I used to own a Beretta Jetfire 950 25 cal pistol years ago, but parted with it. I liked the small size and thought it made a pretty decent backup concealed carry. The Jetfires are hard to find these days, but the Taurus PT 25 is very similar, easy to find, and can be had for around $200. Any feedback on this gun would be most appreciated. Positive experiences? Negative experiences?


----------



## neuroslicer (Jun 27, 2010)

I found a similar thread as mine, and realize how strong the 25 cal is disliked by many due to its ineffectivenss as a SD weapon. My main SD is a 9mm Bersa Thunder, which I like, and I've rented a Bersa Thunder 380 and liked it alot... so for just a few bucks more I can get the Bersa Thunder 380 and I feel that might be a much more effective concealed carry backup, rather than the 25 cal Taurus or Beretta.



neuroslicer said:


> I used to own a Beretta Jetfire 950 25 cal pistol years ago, but parted with it. I liked the small size and thought it made a pretty decent backup concealed carry. The Jetfires are hard to find these days, but the Taurus PT 25 is very similar, easy to find, and can be had for around $200. Any feedback on this gun would be most appreciated. Positive experiences? Negative experiences?


----------



## Tig7633 (Oct 4, 2009)

I have one, I have had one issue with it. The ammunition used greatly affects the accuracy. The inexpensive winchester jacketed rounds at 5 yards have a 8" drop and seems to be about 3" to the right. The Fiocchi hollow points at the same distance seem to only have a 2" drop. I would not trust this for any long range use, but up close it should be a good back up. The only other issue is not being able to clear a jammed round - the slide is incredible hard to pull back.


----------



## sparks701 (Sep 6, 2010)

I've got an older pt25, off the top of my head I bought it new about 12 years ago, its suprisingly accurate and has been very reliable for me. I carry it when I take my dogs out for a walk through my neighborhood in the summer months. It has held up really well for such a low priced pistol.

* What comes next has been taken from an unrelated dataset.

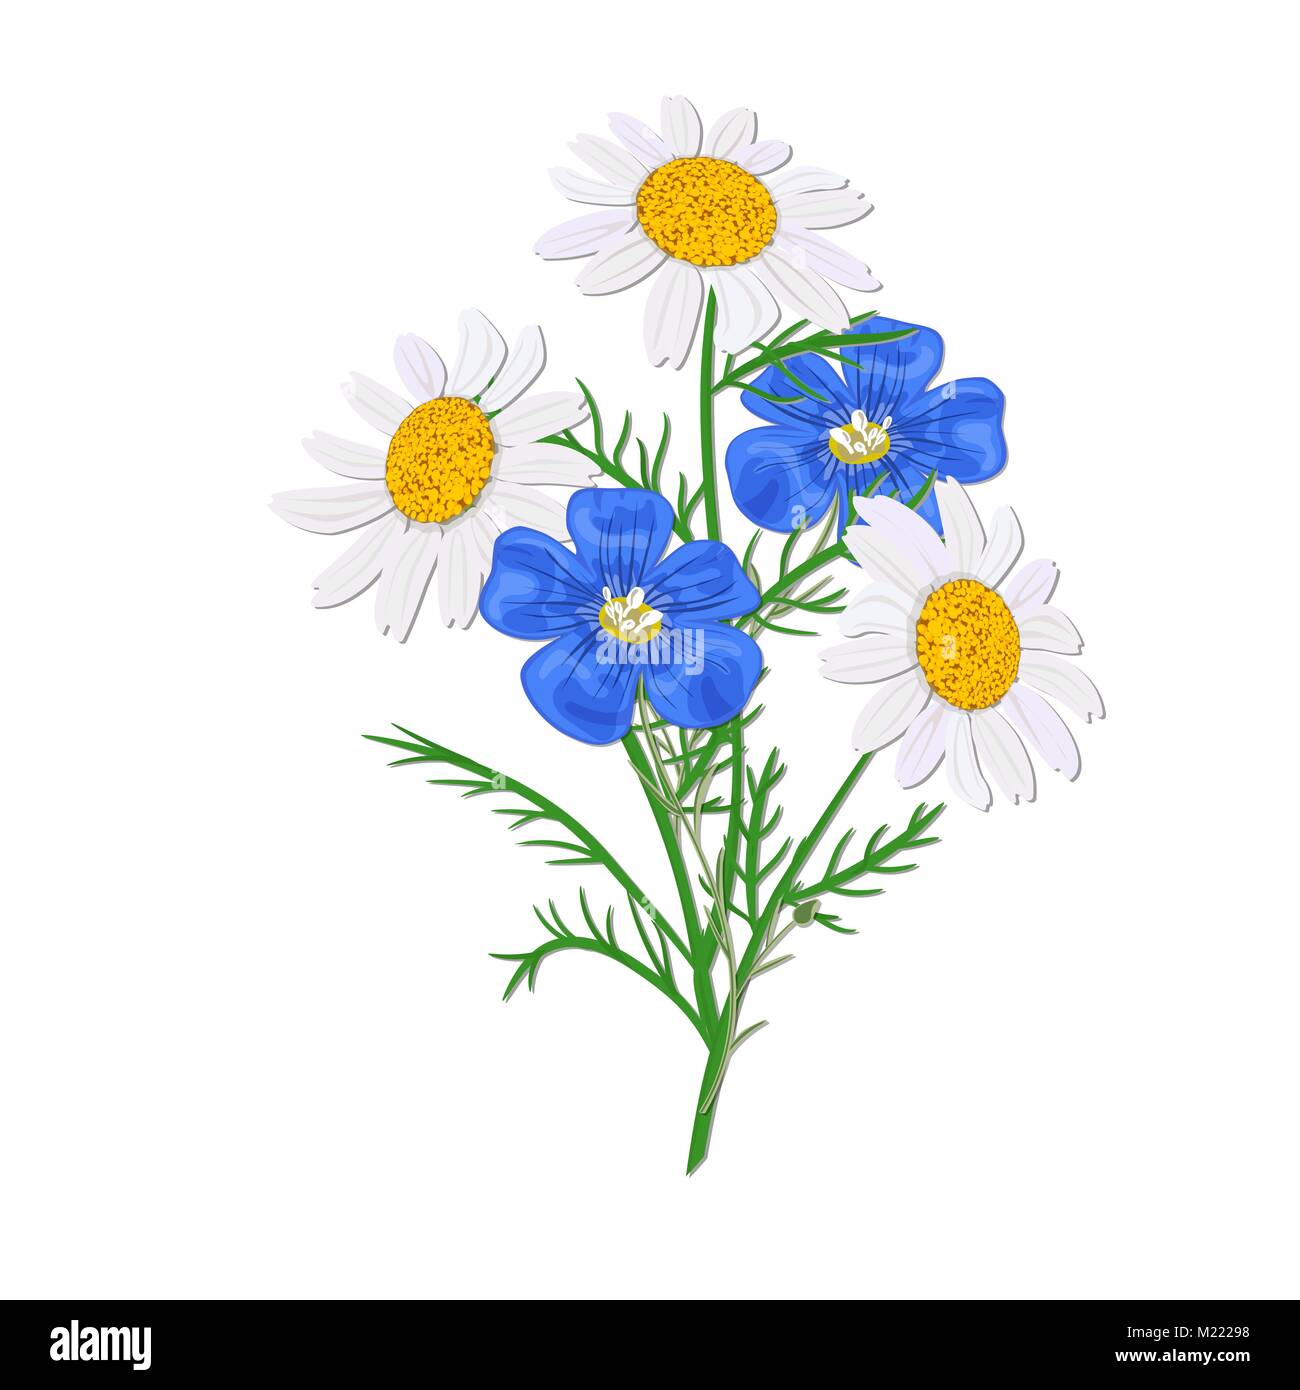 Daisy or chamomile Wildflower isolated with stem. Flax, forget-me-not blue bouquet flowers Stock Vector

I wouldn't hesitate buying another.


----------



## recoilguy (Apr 30, 2009)

I have an older .25 cal pistol. I wish I carried it because I keep it aroound and can not force myself to get rid of it. I just like the size but am sure it would not do well as a SD weapon. I have carried it to justify having it and shoot it maybe twice a year just to keep it in working order. If you have a few bucks more get the .380 is my suggestion. If you like the .25 having one is not a bad thinhg. 

RCG


----------



## j4l (Mar 3, 2011)

While I havent shot the PT25, I have a good bit of experience w/ .25 in general- from both ends of it (more on that in a sec.) Im considering one of the new poly PT25s at some point -for CC use during hot weather (FLA.) when Im wearing shorts, sandles,tommy bahama ,etc. (somehow my full-size .45 w/ that attire wouldnt seem to work..) So these are great for pocket-carry. 

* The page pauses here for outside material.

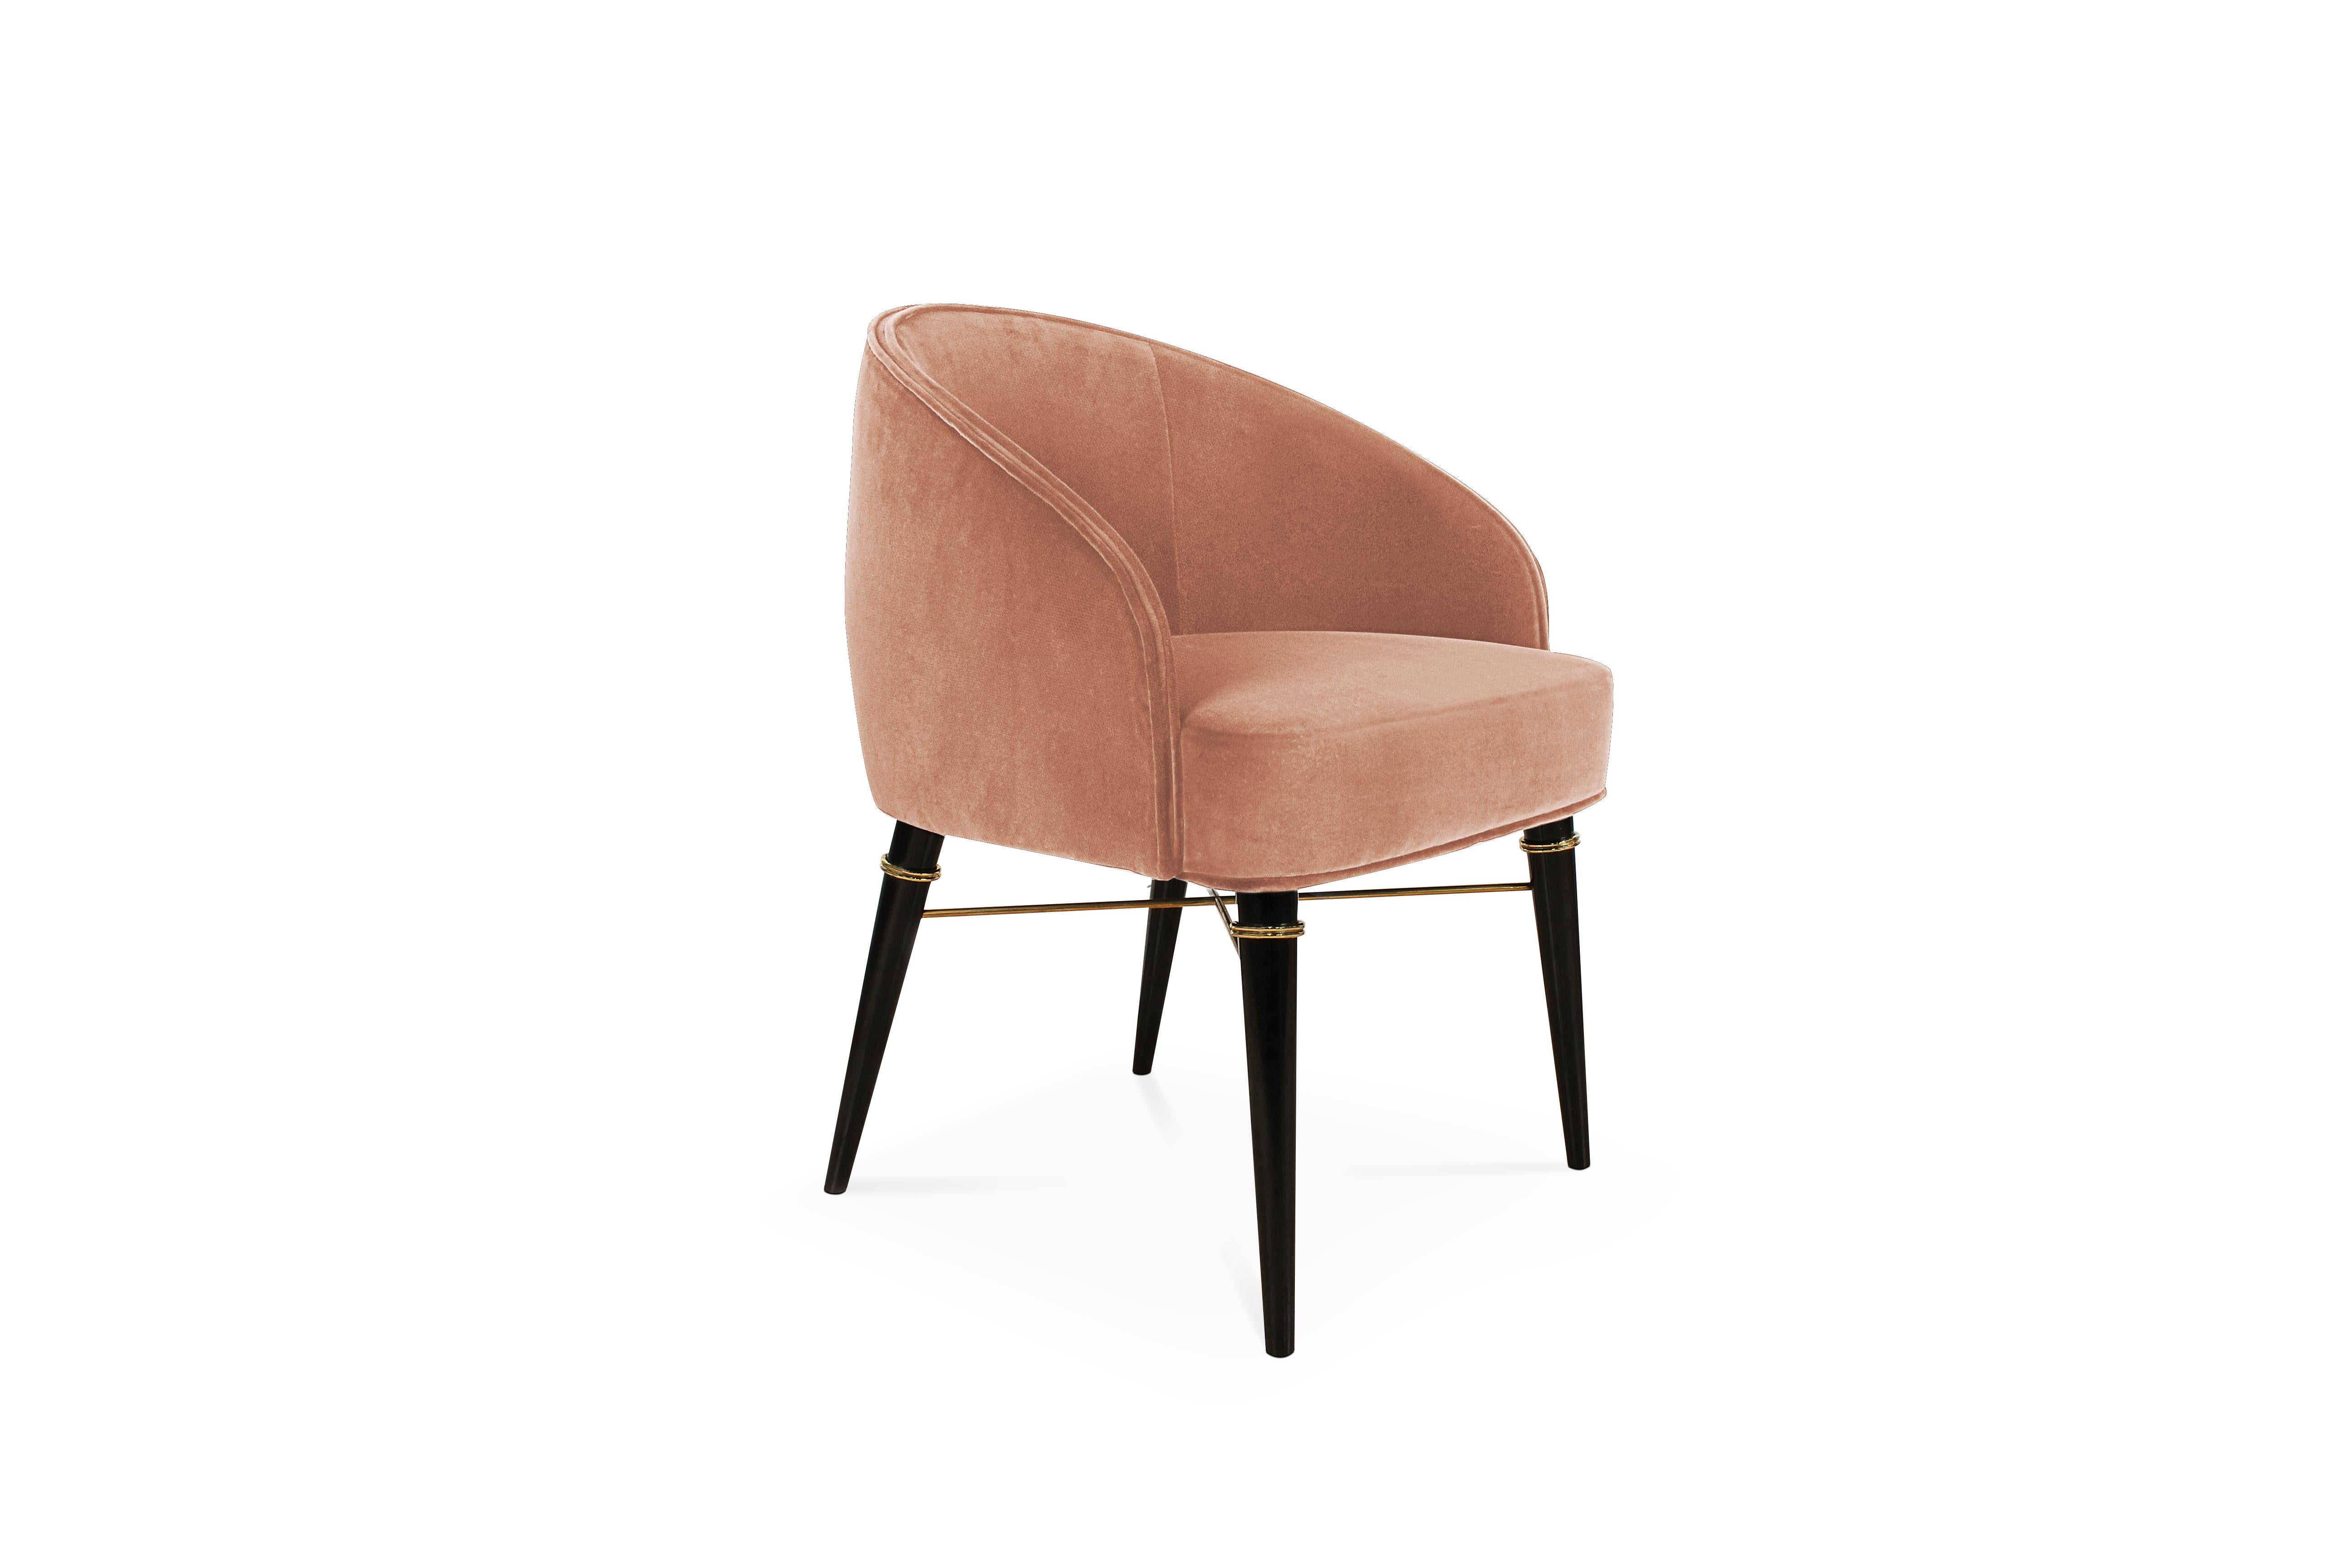 This dining chair is inspired by the natural and unpretentious beauty of one of Hollywood’s brightest movie stars of all time: Ingrid Bergman. With an involving backrest lined with soft cotton velvet, the Ingrid Mid-Century Modern dining chair has

Now, dont be so quick to knock the .25acp for defense. Is it the all-time [email protected] of defense rounds? No, of course not. BUT- consider this. More folks have been dropped in the U.S. with the .25 than almost any fighting round since the .45 Colt. Need any proof of this? Check with your local Trauma Center this weekend. Almost guarantee you will find -on avg. 4-5 GSV's arriving DOA from a .25. 

Even just wounding with one can be bad. I was hit with one over 20 yrs ago. Right hand. Superficial, but 20+ yrs later, Im still plaqued with daily pains, nerve damage, and tendonitis as a result. Not one day has passed in all these years that I havent been reminded someone once shot me with one.


----------